───── DATASET EXCERPT

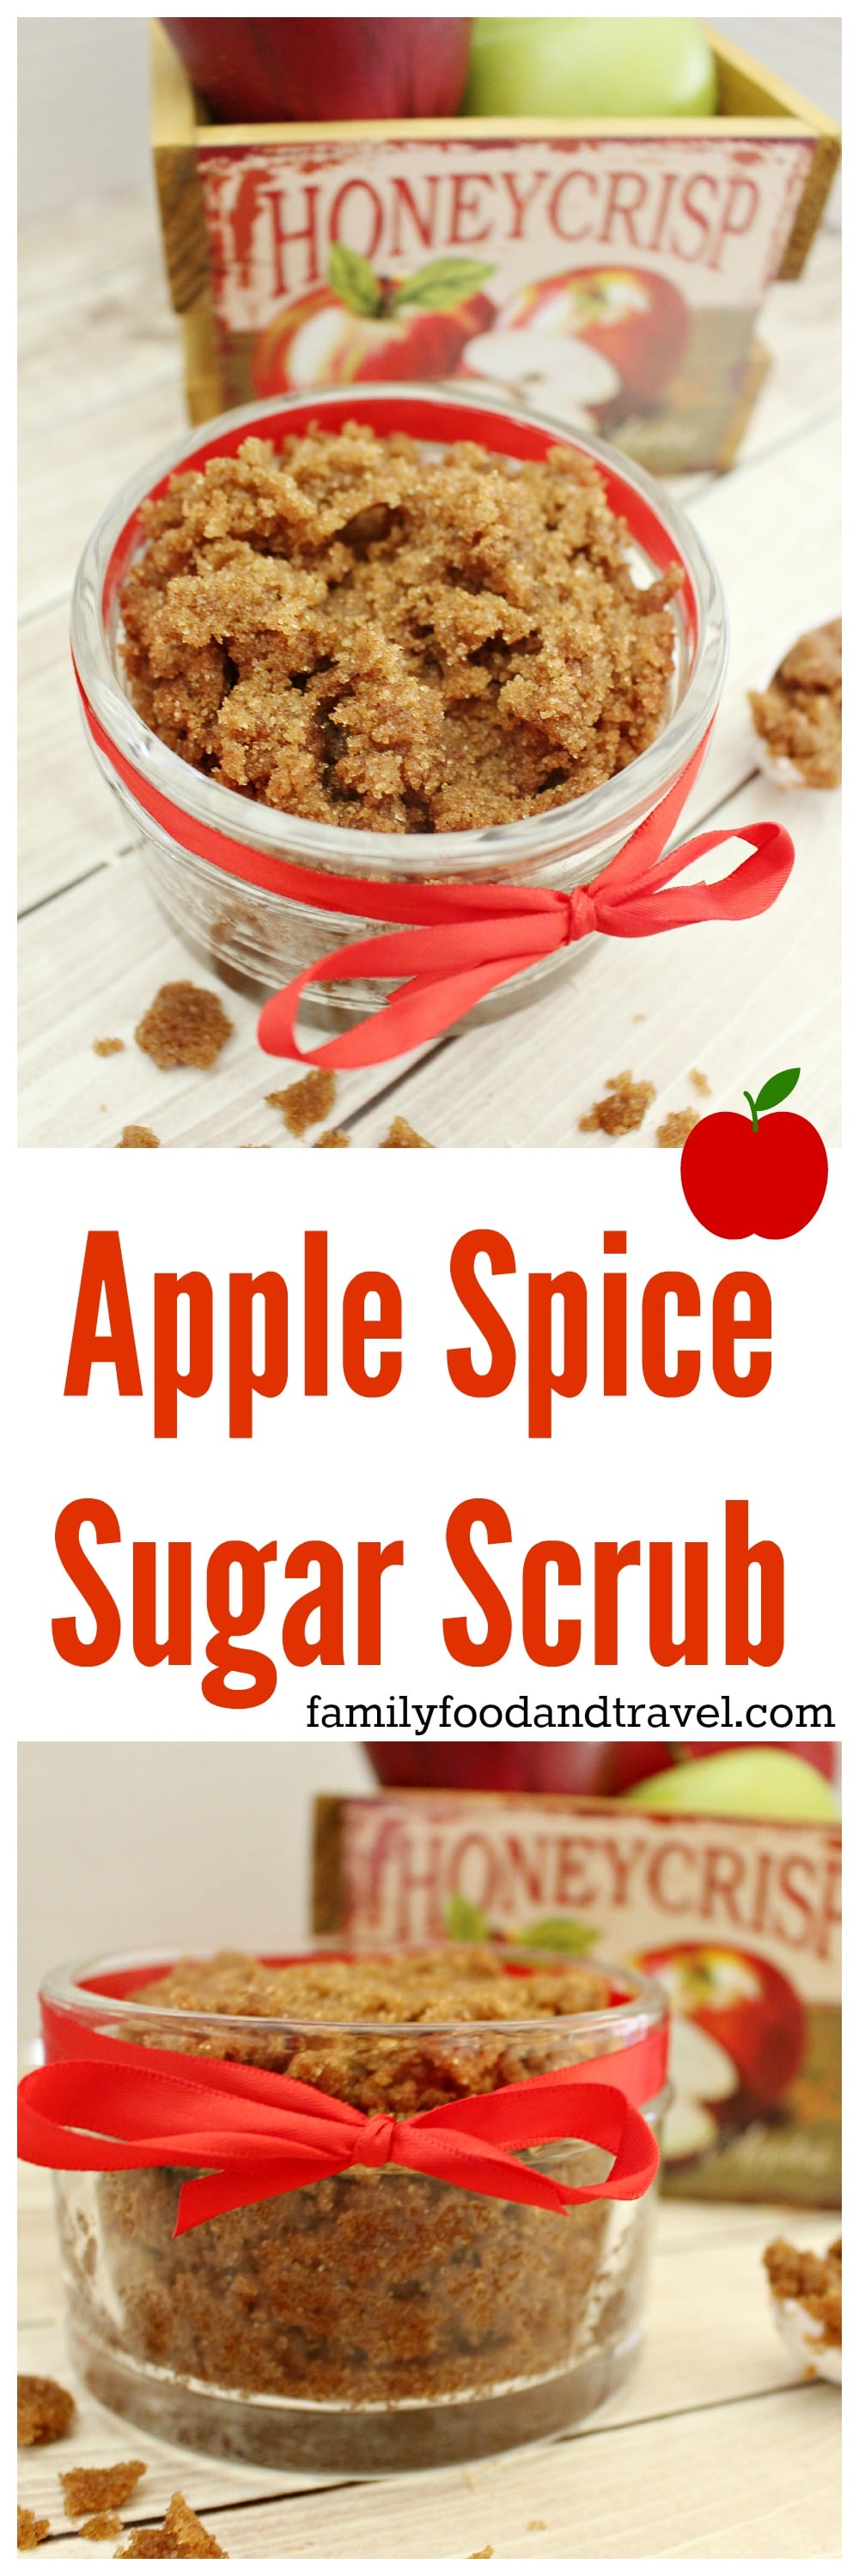 Apple Spice Sugar Scrub
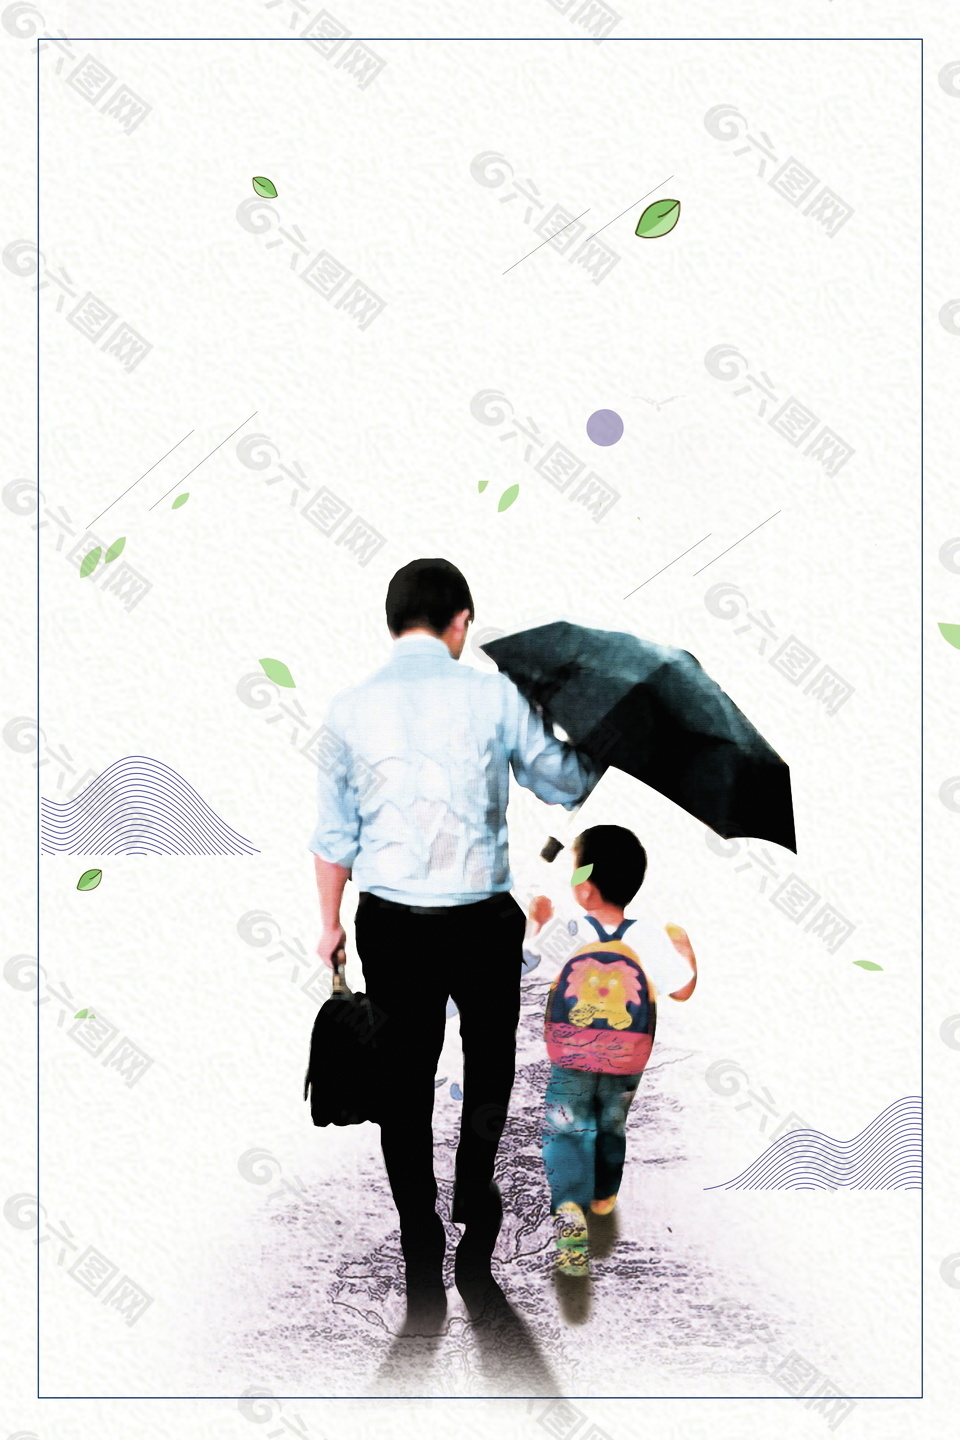 本次背景                        作品主题是雨中父子父亲节背景图
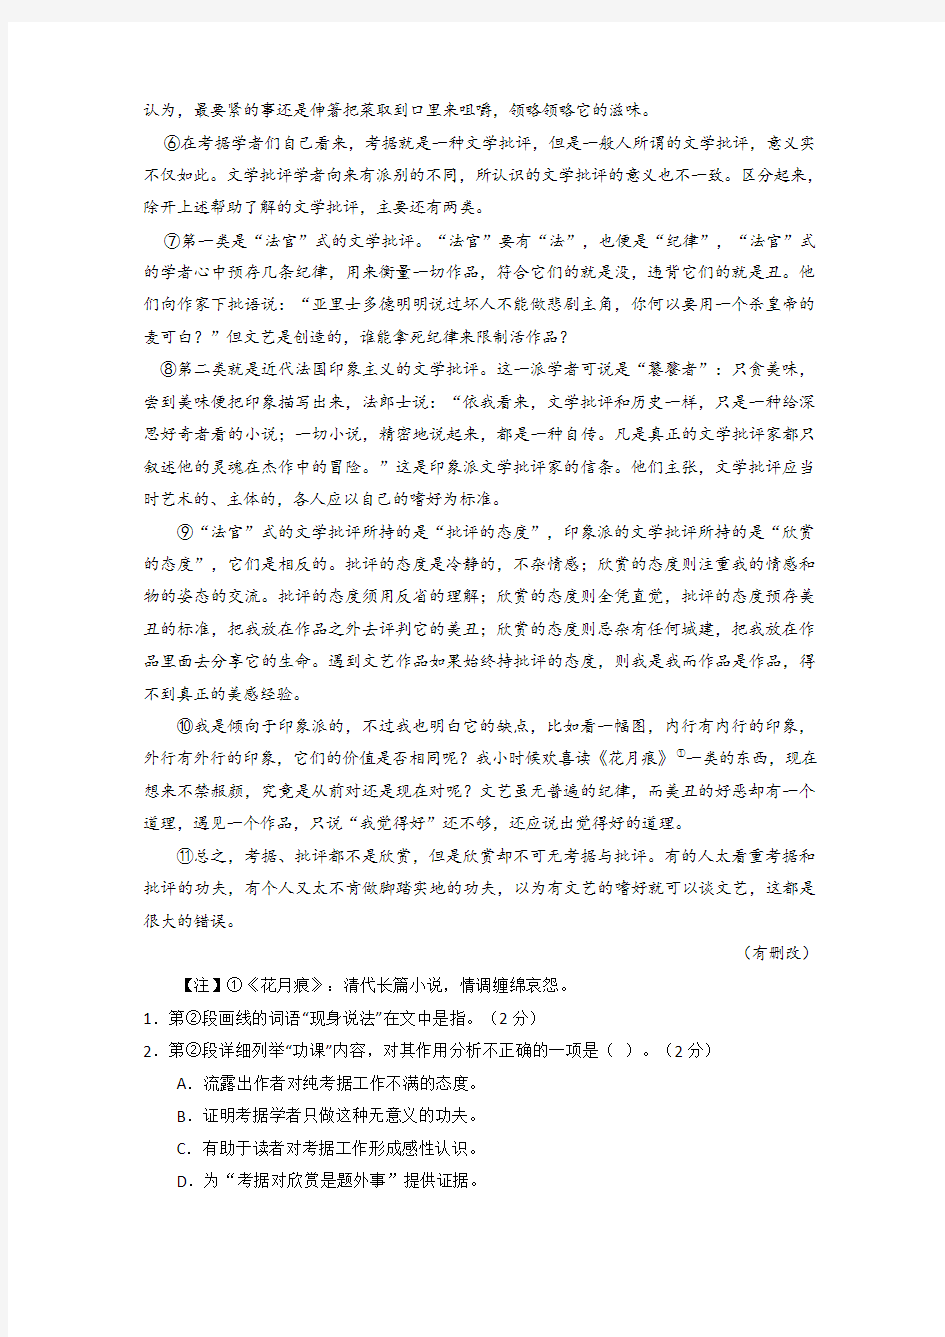 2016年高考上海卷语文试题及答案

──────────

WHAT IS BEING ASKED:
Leave the pictures out and output the rest of the listing exactly.

SOLUTION TO THIS EXERCISE:
 Apple Spice Sugar Scrub
 本次背景                        作品主题是雨中父子父亲节背景图
 2016年高考上海卷语文试题及答案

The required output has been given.